Сохранились и бараки – теперь они гордо именовались корпусами – правда, заново побеленные и продезинфицированные. И в них размещались не трёхъярусные нары, а наши скромные железные коечки со скудными, просвечивающими на сгибах и потёртостях одеяльцами сиротского цвета. Запах негашёной извести и карболки шибал в нос и стойко пропитывал всё.

Ещё раз повторяю: это было странное, хотя и вполне жизненное стечение обстоятельств. И практическое к тому же: в самом-то деле – зачем добру напрасно пропадать?!

Жаловаться было не на что. Шло первое послевоенное лето, освещённое салютом Победы, славное, но тем не менее – трудное и голодное. А в лагере, как-никак, была кормёжка. Да, – какая-никакая, а три раза в день в ребячьи желудки перепадало то, чего у многих не было дома. Не надо было матерям заботиться о куске хлеба. Была и тарелка пшённой каши с ямкой, заполненной жёлтой лужицей растительного масла, и миска картофельного супа с одиноко плавающими в ней редкими серыми волоконцами мясного происхождения…

Лагерный котлопункт – или если вам так больше нравится – столовая, тоже не изменил своего привычного местонахождения. Но о нём ещё пойдёт речь дальше. И ещё прежними были клопы – крупные, свирепые звери, которых не брали никакие облавы, никакие снадобья, а от дуста, которым время от времени их присыпали, они только жирели…

Моя койка в бараке, – виноват, в лагерном корпусе! – стояла у окна. Эта кажущаяся маловажной деталь в дальнейшем будет иметь особое значение. Я – помыкавшийся по самым невообразимым местам – был уже довольно опытным коммунальным жителем, поэтому защищался от клопов испытанным способом: ножки моей койки стояли в четырёх жестяных банках из-под тушёнки, в которые до половины была налита вода. Но лагерные клопы оказывались хитрее. Если им не удавались лобовые атаки из матрасов, фланговые вылазки со стен и обходные маневры по полу, то они применяли тактику воздушных десантов: выползали на потолок и оттуда лихо пикировали на свои жертвы! 3а это удивительное свойство летающие клопы прозывались у нас «юнкерсами».

Вообще-то говоря, я был уже «перестарком», и в пионерский лагерь – учитывая усиленные просьбы работающей в две смены матери – попал, как говорится, на пределе возможного. Я перешёл в восьмой класс, и осенью мне должно было исполниться пятнадцать лет. Я не выглядел особенным акселератом, – в то время этого овитаминизированного понятия ещё попросту не существовало! Но тем не менее, я выделялся, конечно, и ростом, и развитием среди мелкопородной пионерской мелюзги преимущественно десяти-двенадцатилетнего возраста.

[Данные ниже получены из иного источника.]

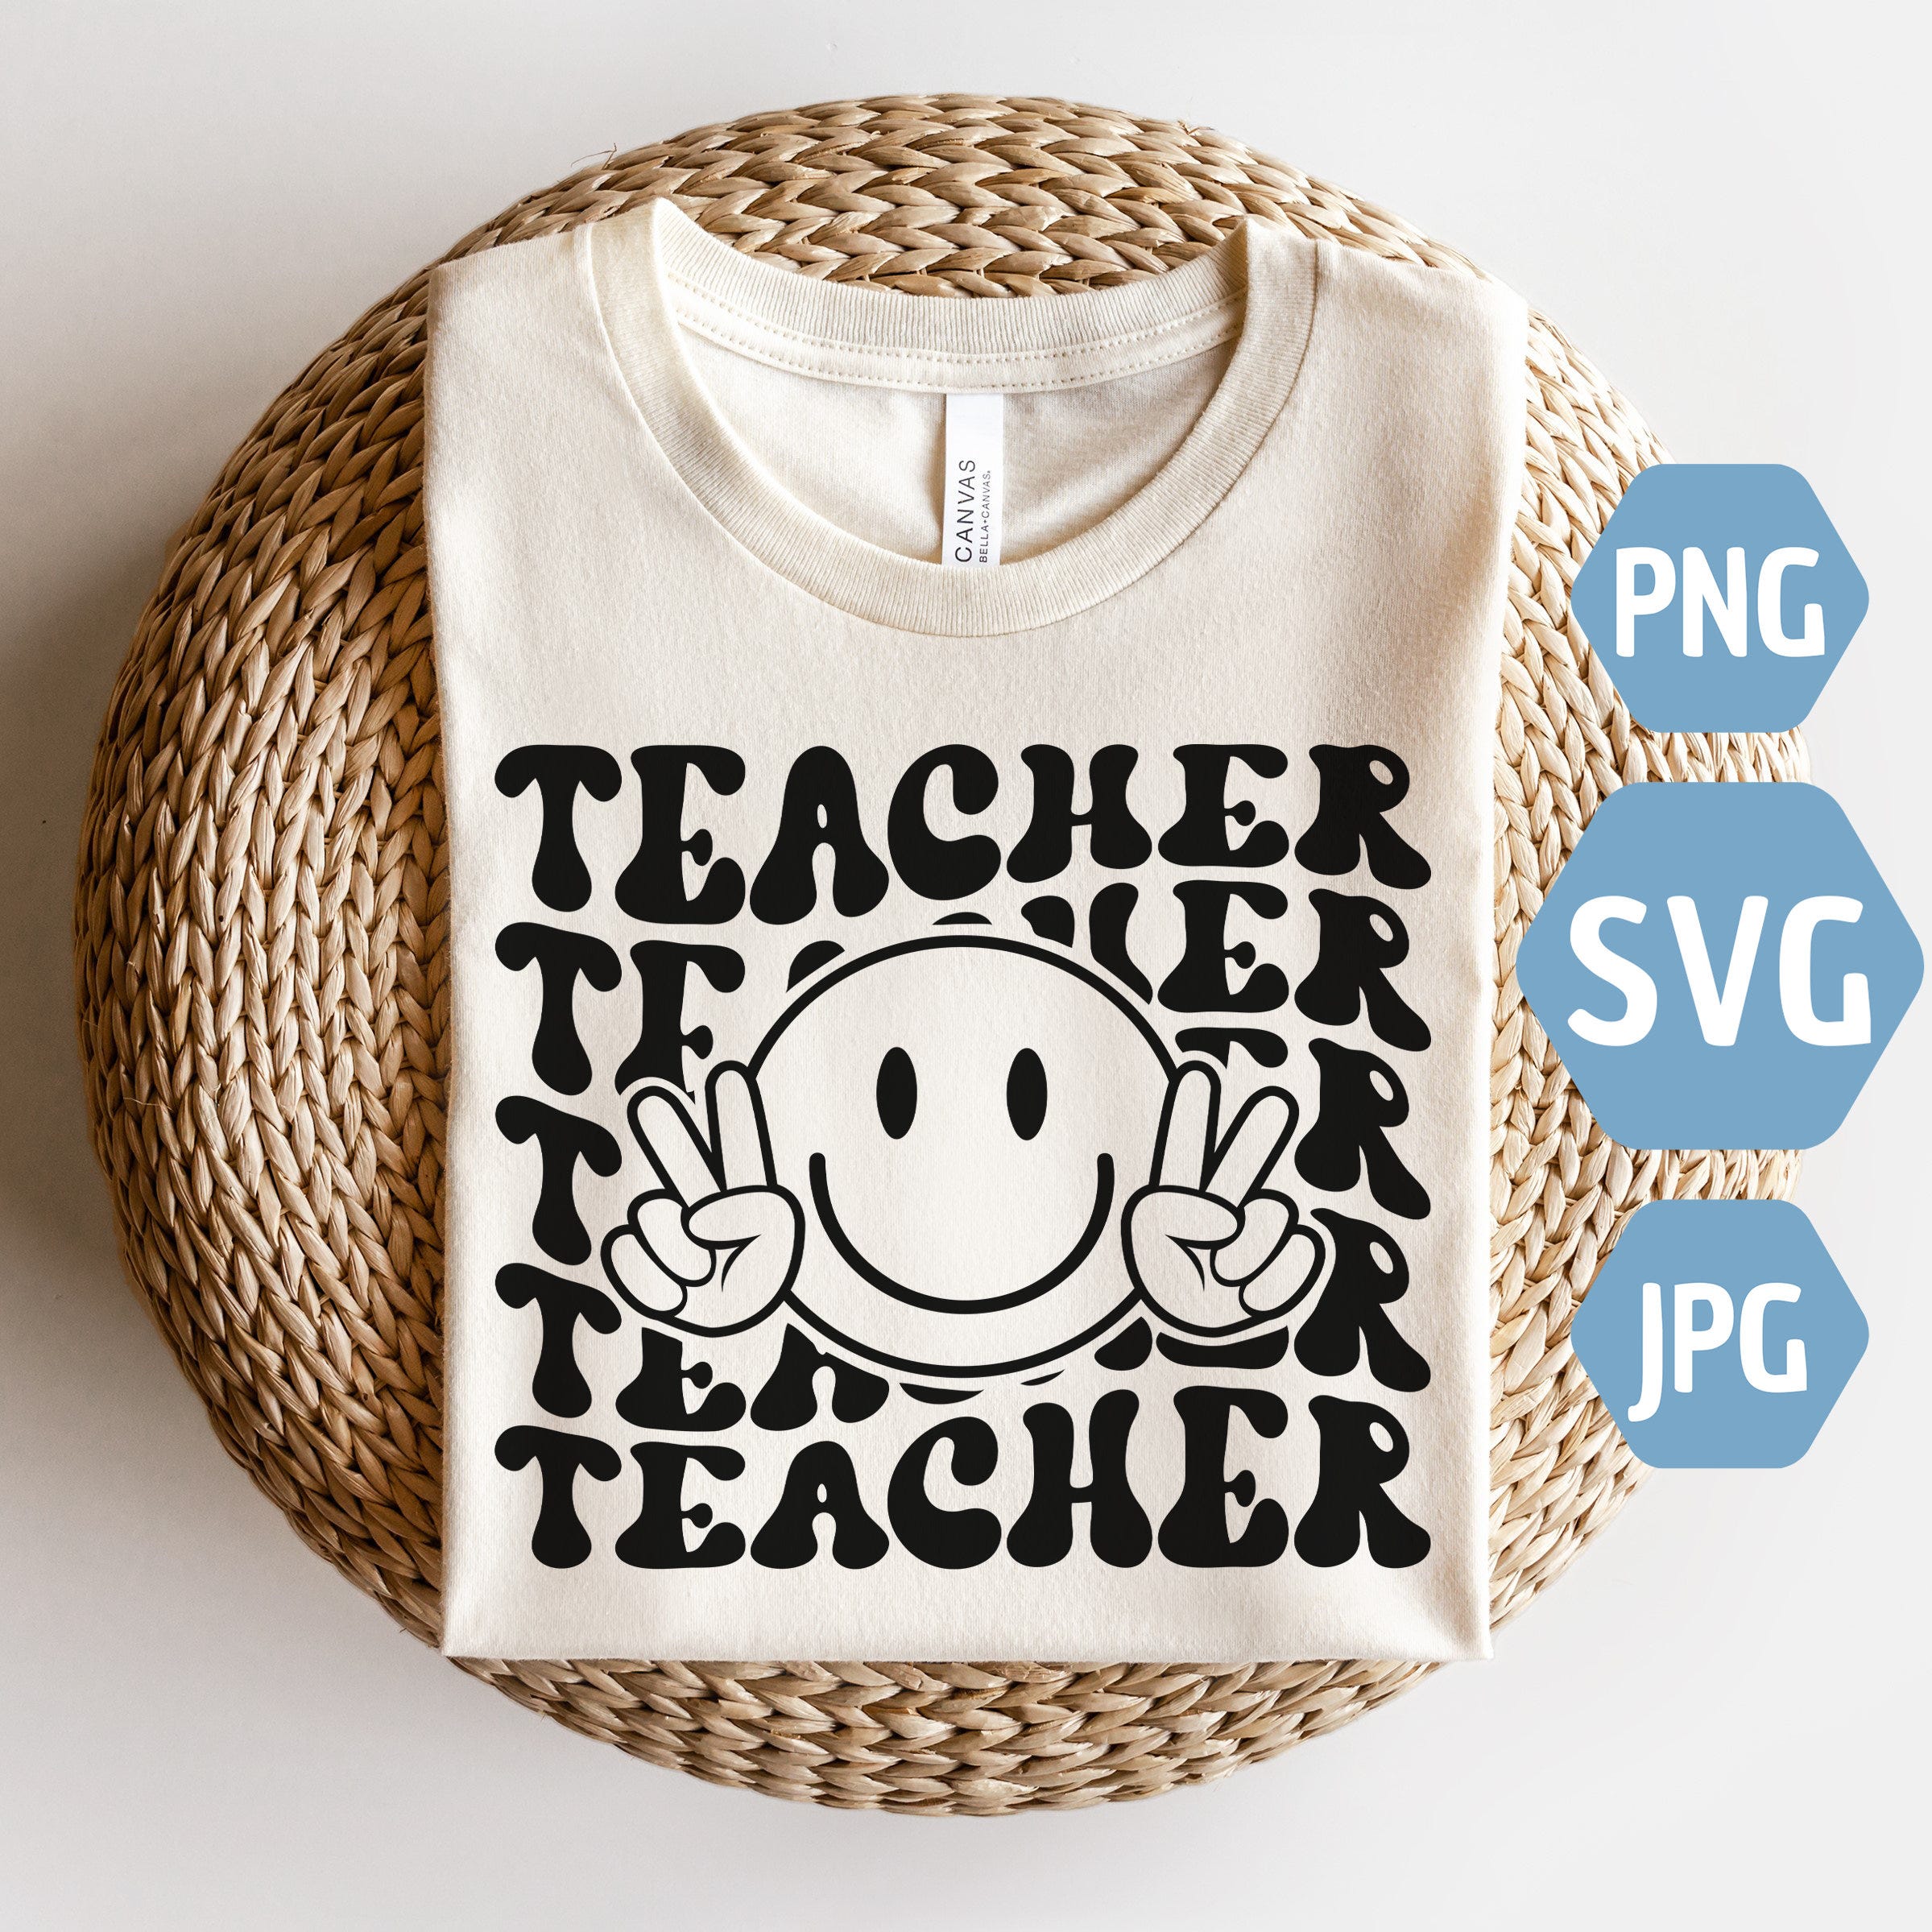 Teacher Svg, Back to School Svg, Retro Smile SVG and PNG, Teacher life svg, Smile face svg, Cute Teacher Shirt, Teacher Curvy, Teaching
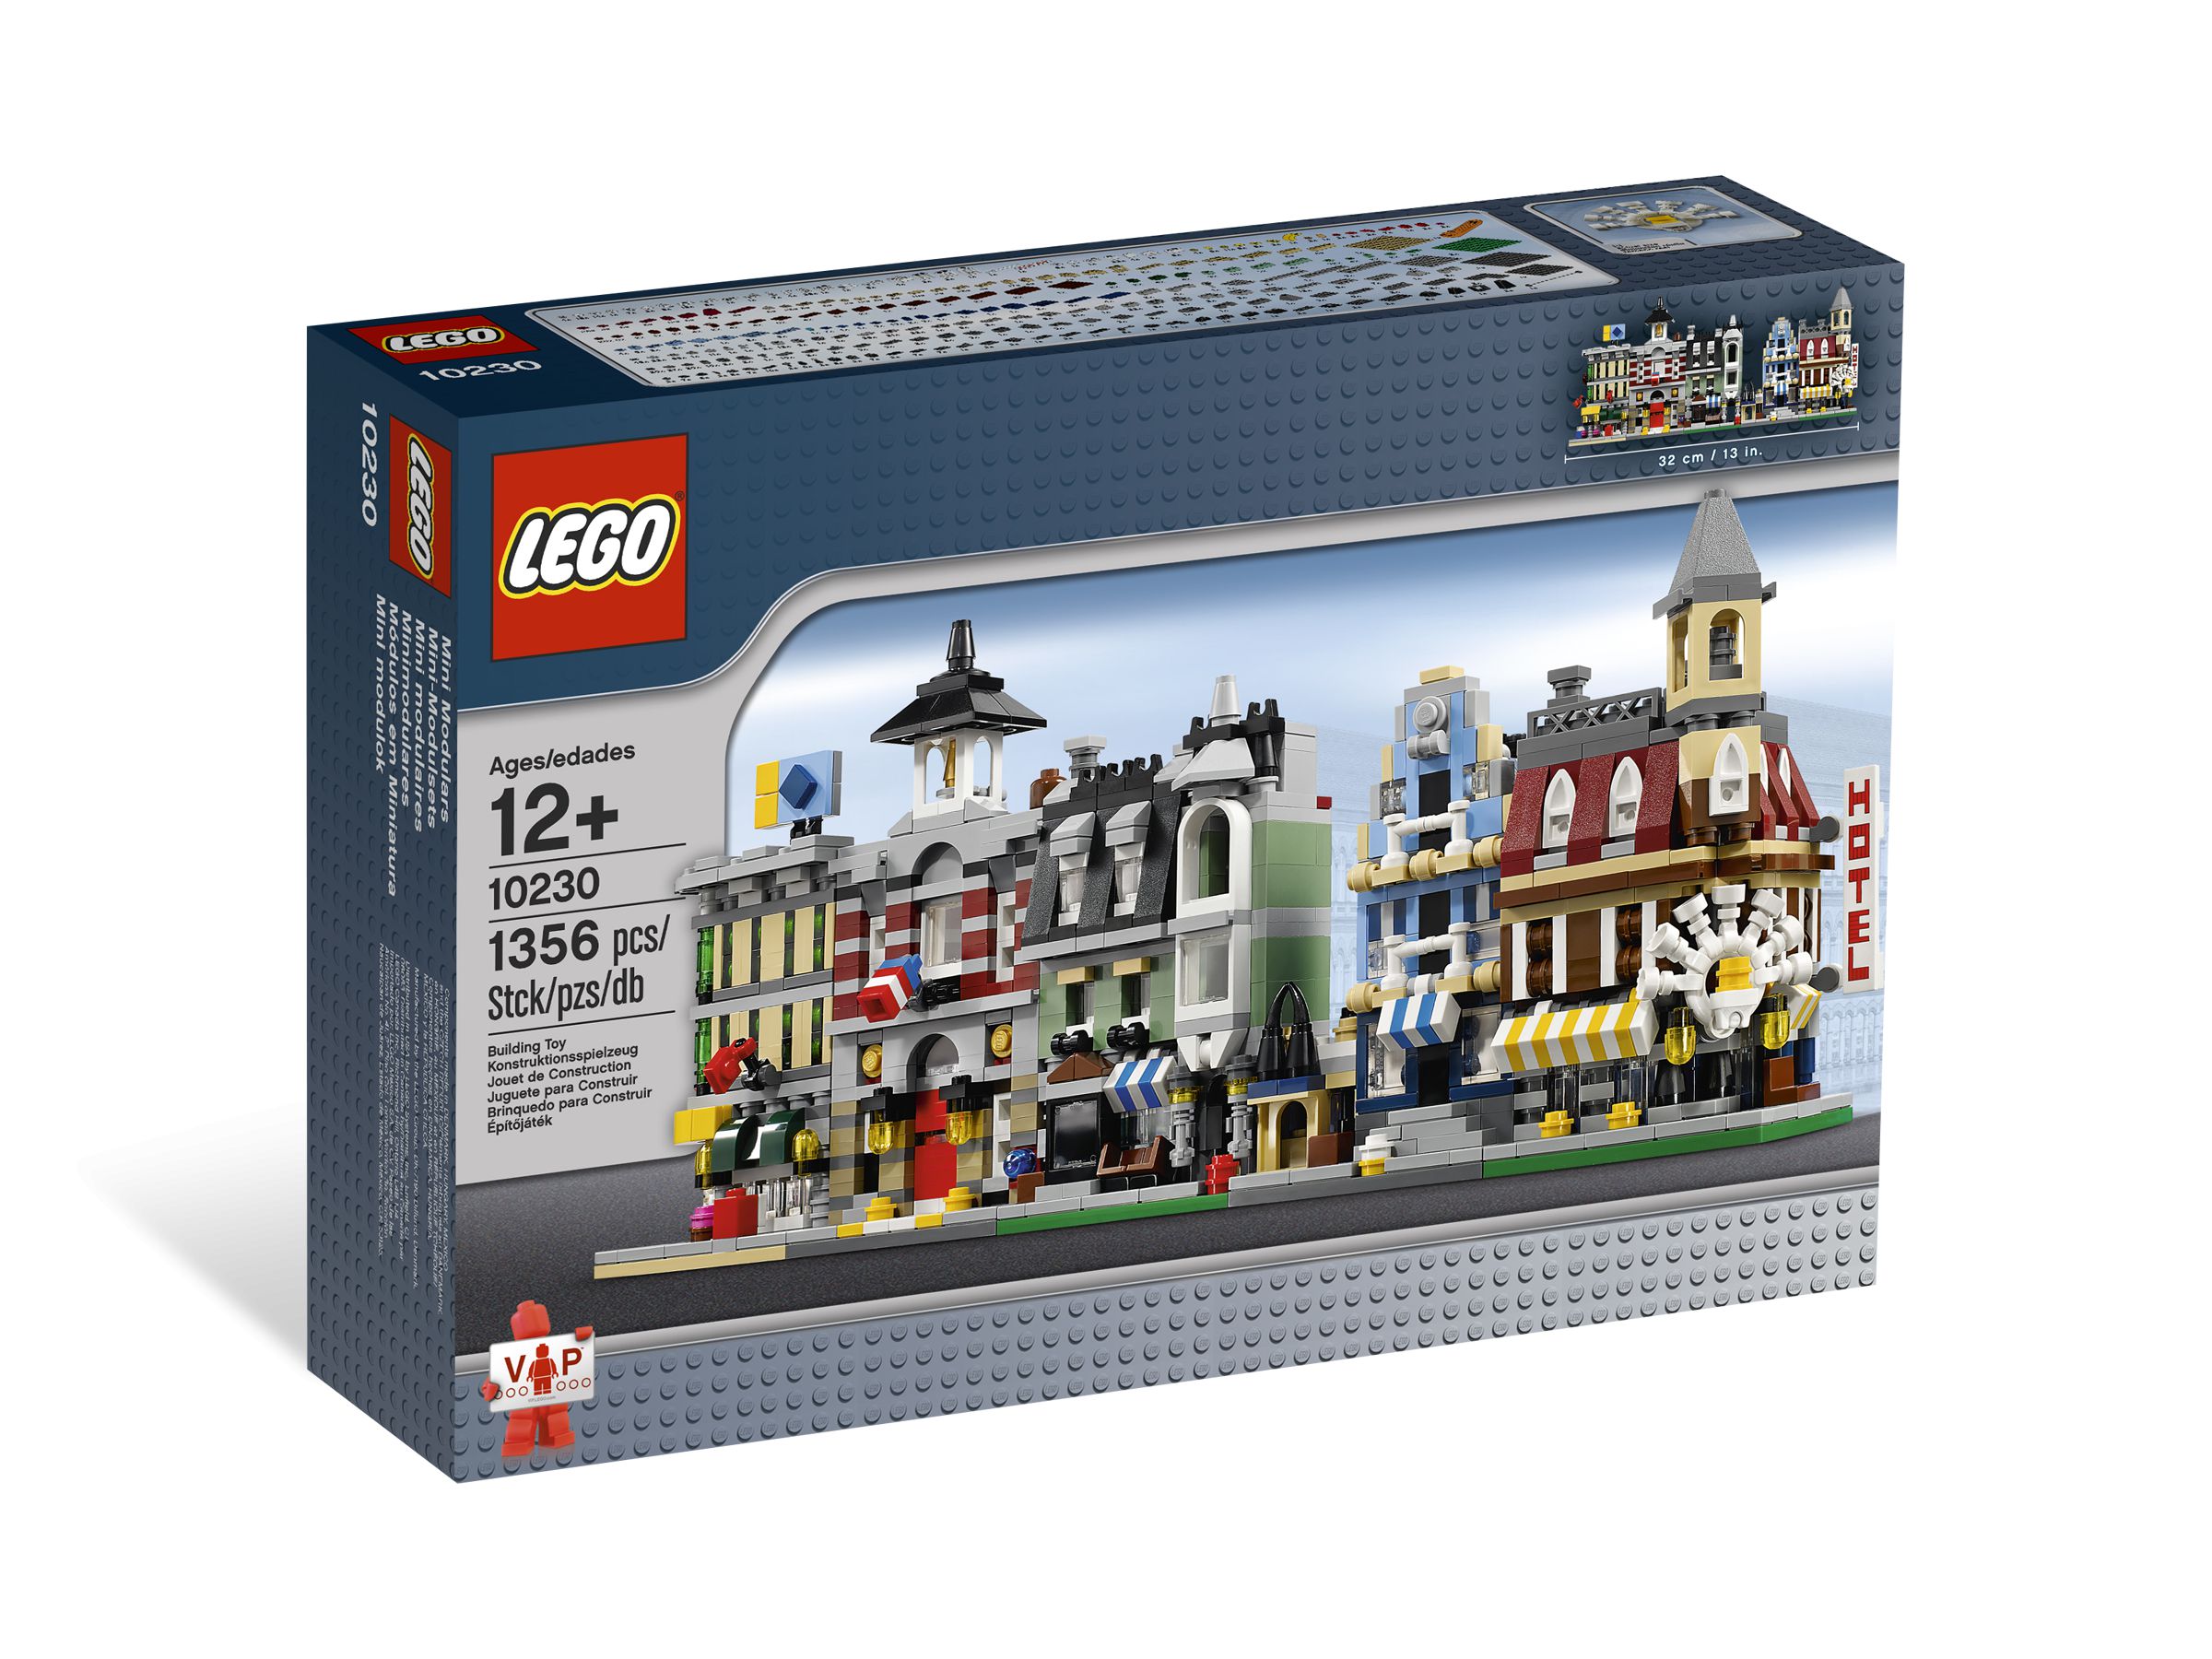 LEGO Advanced Models 10230 Mini-Modulsets LEGO_10230_alt1.jpg

Официально у меня была не вполне понятная мне полузаконная должность с длинным названием: «помощник старшего пионервожатого по культурной и спортивной работе». Я говорю – полузаконная, потому что, хоть фактически я и проводил с малышами зарядку, учил их плавать и оформлял стенды в пионерском уголке, – денег мне никаких не платили, и жил я не отдельно, с другими пионервожатыми, а вместе с одним из отрядов в общем корпусе на тридцать коек.

Теперь самое время сказать о Глаше-поварихе. Точнее, она была не поварихой, а подсобницей на кухне. Настоящая повариха – необъятных, как и полагается, размеров – тетя Клаша скрывалась в загадочных глубинах нашего котлопункта и на белый свет появлялась редко, чаще всего – к вечеру, после отбоя. А Глаша – полное имя её было Глафира – досталась нам, так сказать, в наследство. За что уж она угодила в тот, не наш, лагерь – одному богу известно. Теперь-то она была так называемая расконвоированная, то есть, ей оставалось отбыть совсем немного до конца своего срока, но за хорошее поведение она могла жить уже не в зоне и без вооруженной охраны, работая почти что на вольных хлебах. В данном случае это выражение можно считать буквальным…

Ей было лет двадцать с небольшим, и на пионерских харчах она быстро округлилась, налилась жизнерадостным румянцем, стала гладкой, довольной и смешливой. С вечно розовым свежим лицом, на котором едва заметно проступали мелкие веснушки, в галошах на босу ногу, она лихо орудовала вёдрами и неподъёмными кастрюлями, наполняла водой баки для чая и компота, а во время обедов или ужинов, в белом халате и косынке, с благословенным черпаком в руках, колдовала у окна раздаточной, веселопокрикивая и поторапливая дежурных и наполняя им котелки и миски.

После начальницы лагеря – старой и сморщенной, как печёное яблоко, учительницы-пенсионерки, Глаша-повариха была для нас главным лицом: она нас кормила. Всё остальное пионерское начальство – от старшей воспитательницы до младших пионервожатых – тоже составляли женщины. Единственным исключением являлся одноногий возчик и лагерный конюх Егорыч, инвалид ещё первой империалистической войны, ловко управлявшийся со своими гужевыми обязанностями на своей деревяшке. По слухам, с ним «жила» повариха тётя Клаша, женщина тоже далеко за пятьдесят, но это нас, как вы сами понимаете, не касалось, а больше мужским духом в лагере и не пахло…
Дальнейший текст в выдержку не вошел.